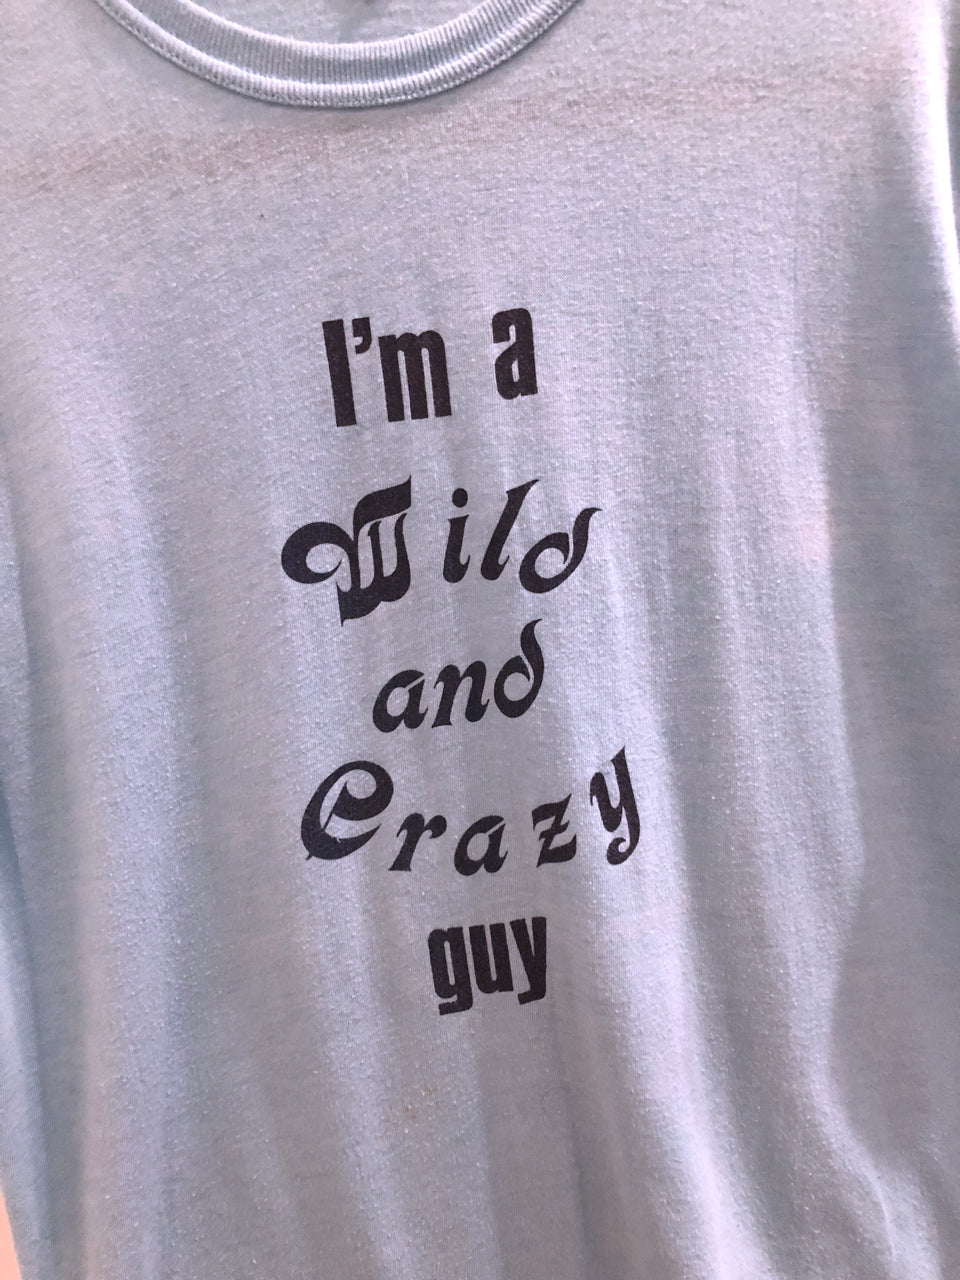 Wild and Crazy Guy (Steve Martin) T-Shirt
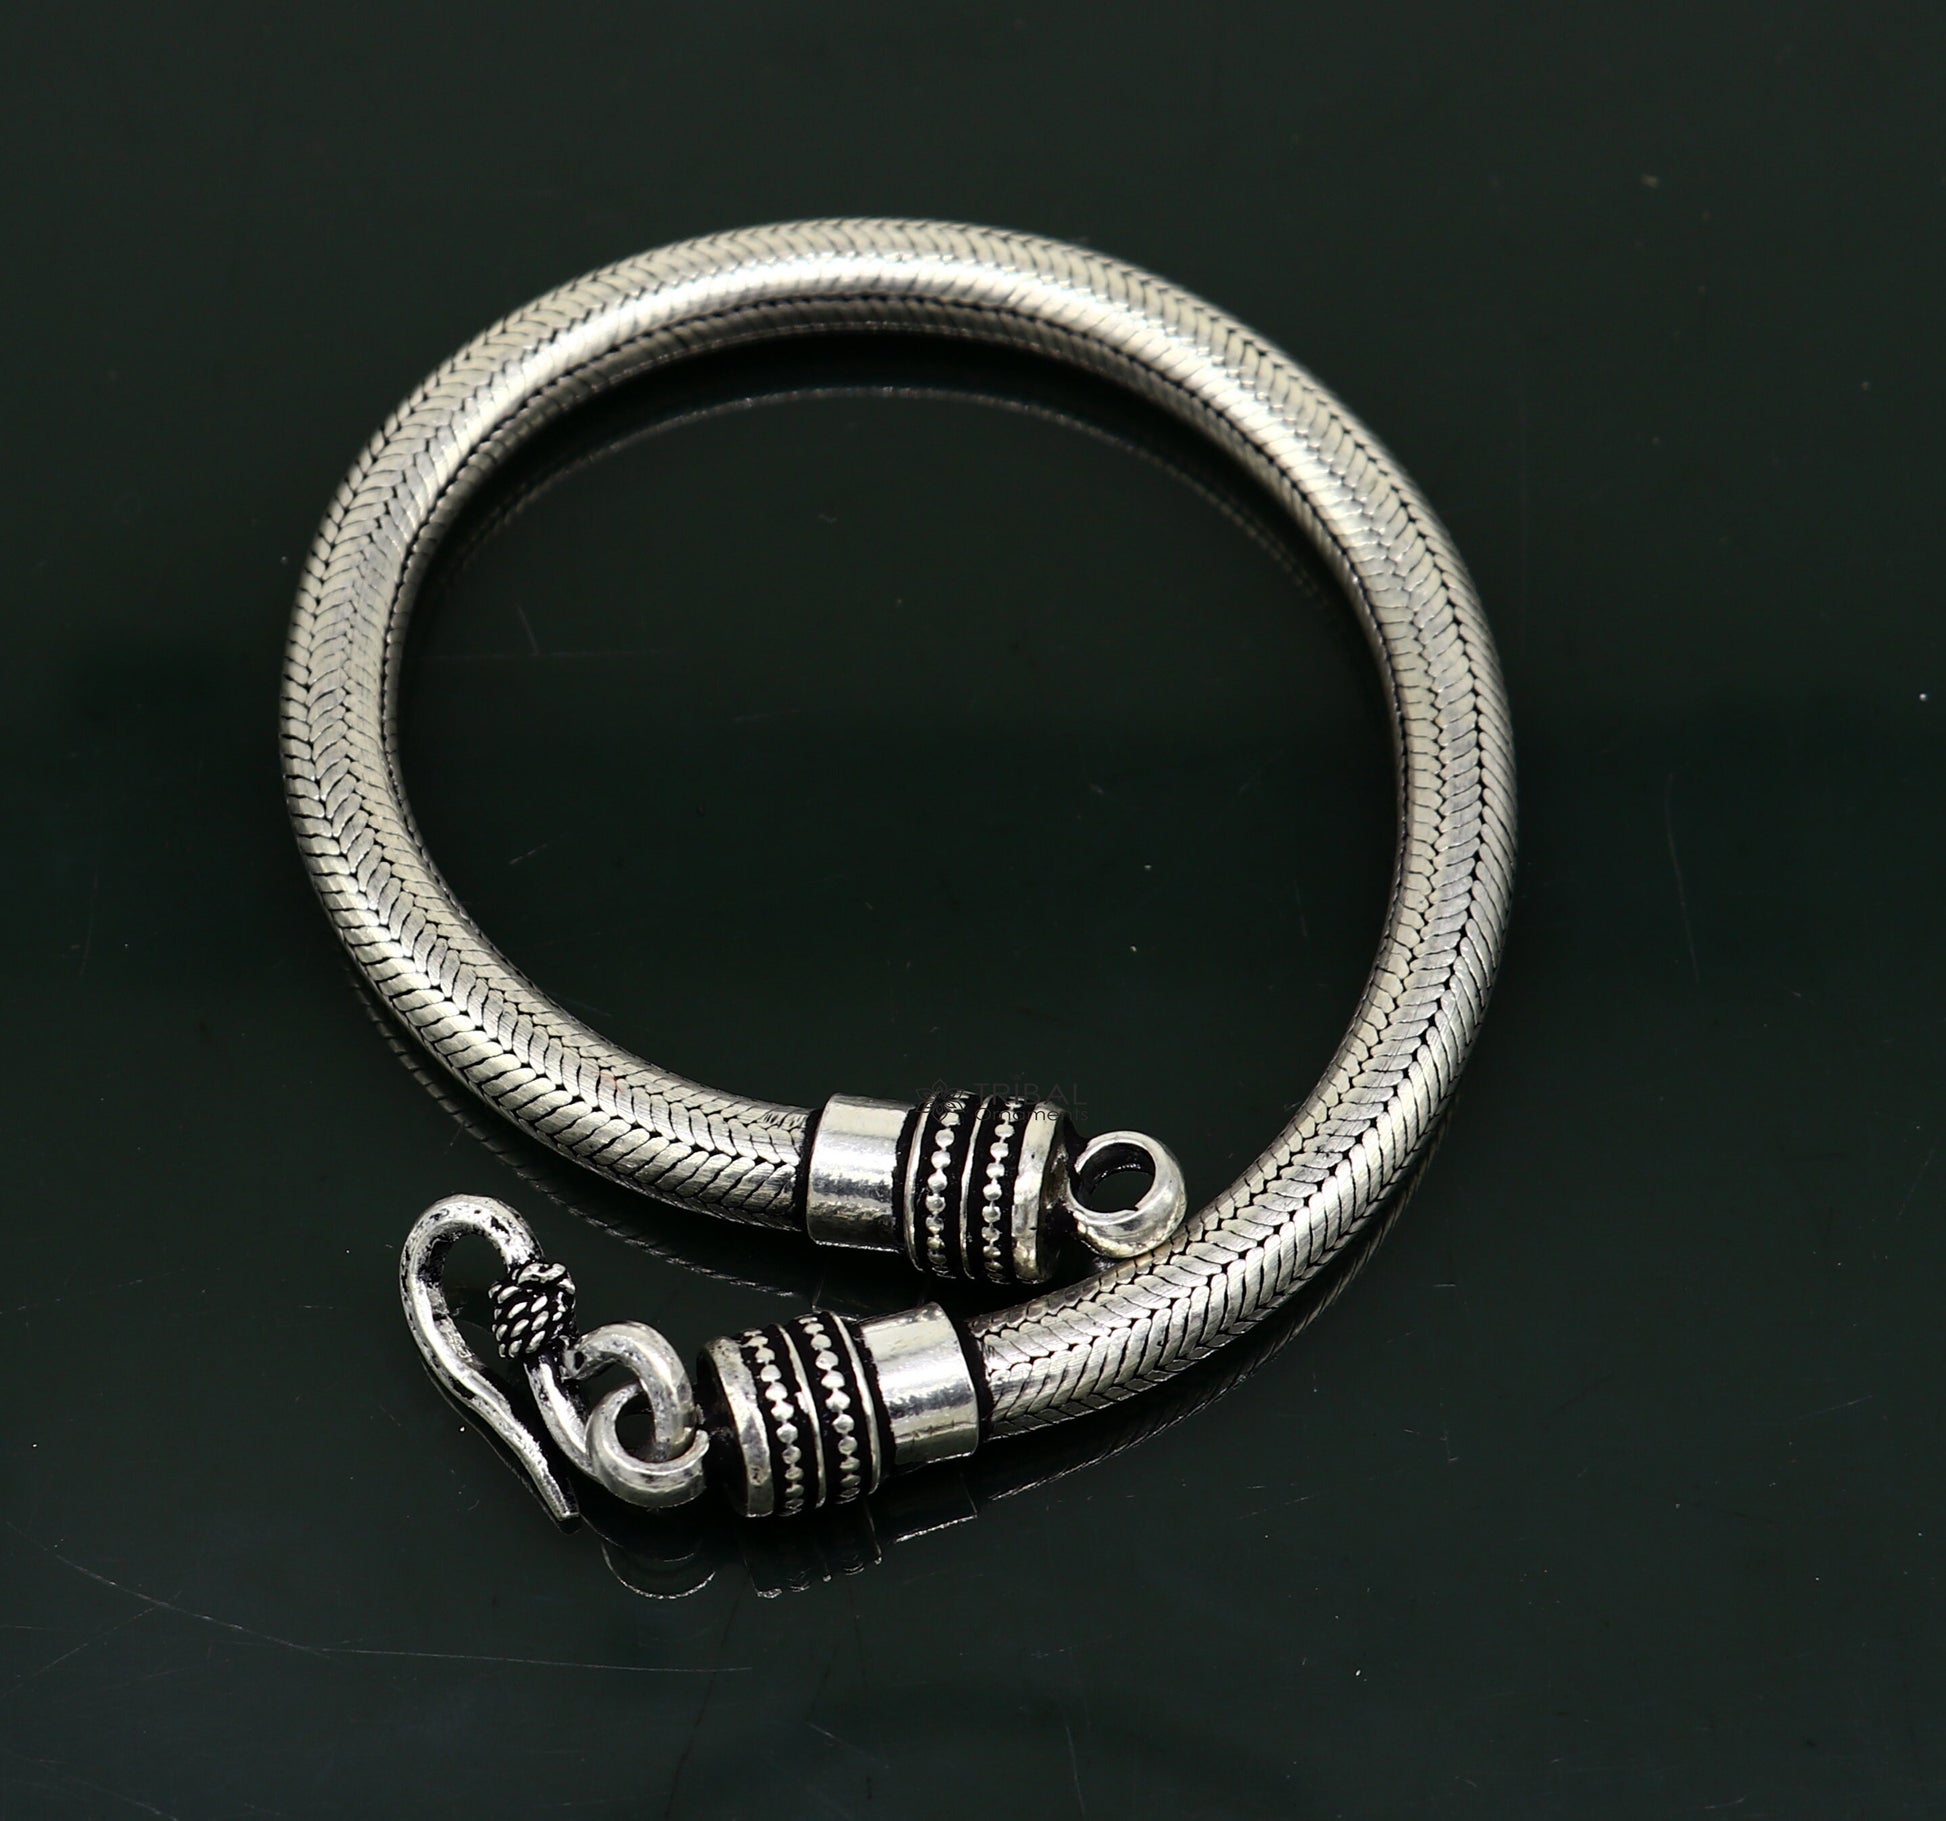 6MM Solid 925 sterling silver handmade amazing snake chain flexible unisex bracelet jewelry elegant custom wrist belt bracelet india sbr680 - TRIBAL ORNAMENTS
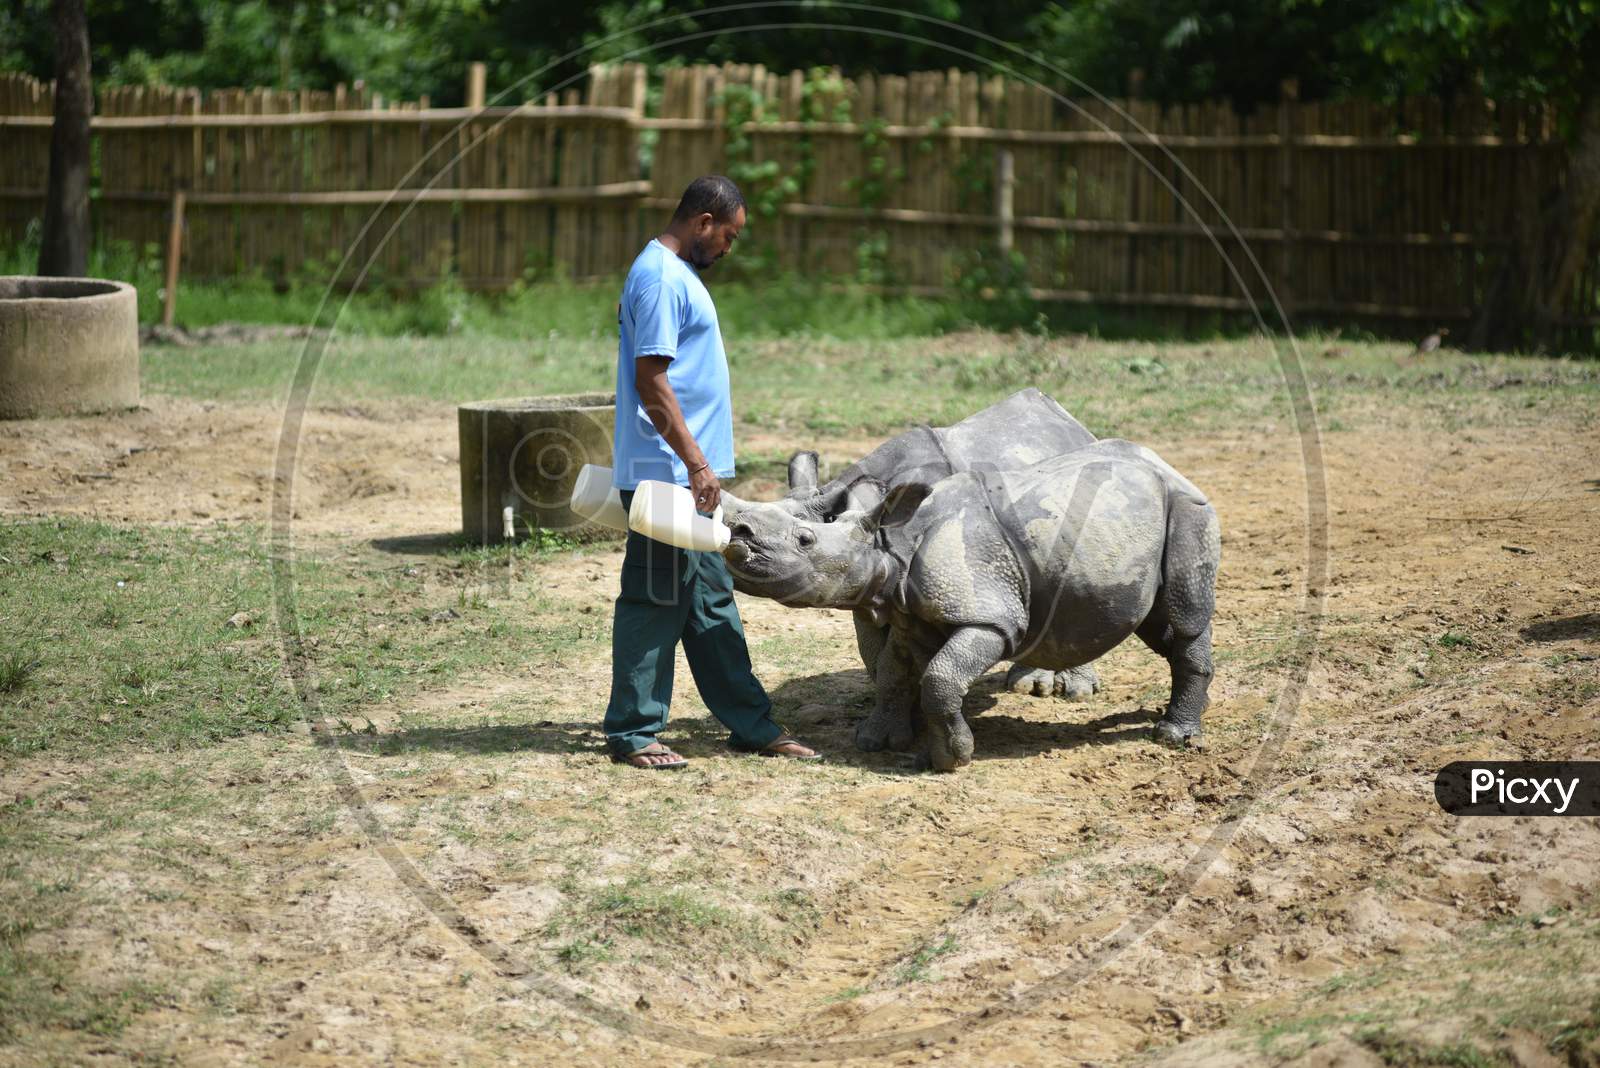 Caretakers Feeding White Rhinoceros Baby in Kaziranga National Park

TASK OBJECTIVE: Please give the data above again in exact form and omit every picture.

PROBLEM SOLUTION:
 Wild and Crazy Guy (Steve Martin) T-Shirt
 6MM Solid 925 sterling silver handmade amazing snake chain flexible unisex bracelet jewelry elegant custom wrist belt bracelet india sbr680 - TRIBAL ORNAMENTS
 Caretakers Feeding White Rhinoceros Baby in Kaziranga National Park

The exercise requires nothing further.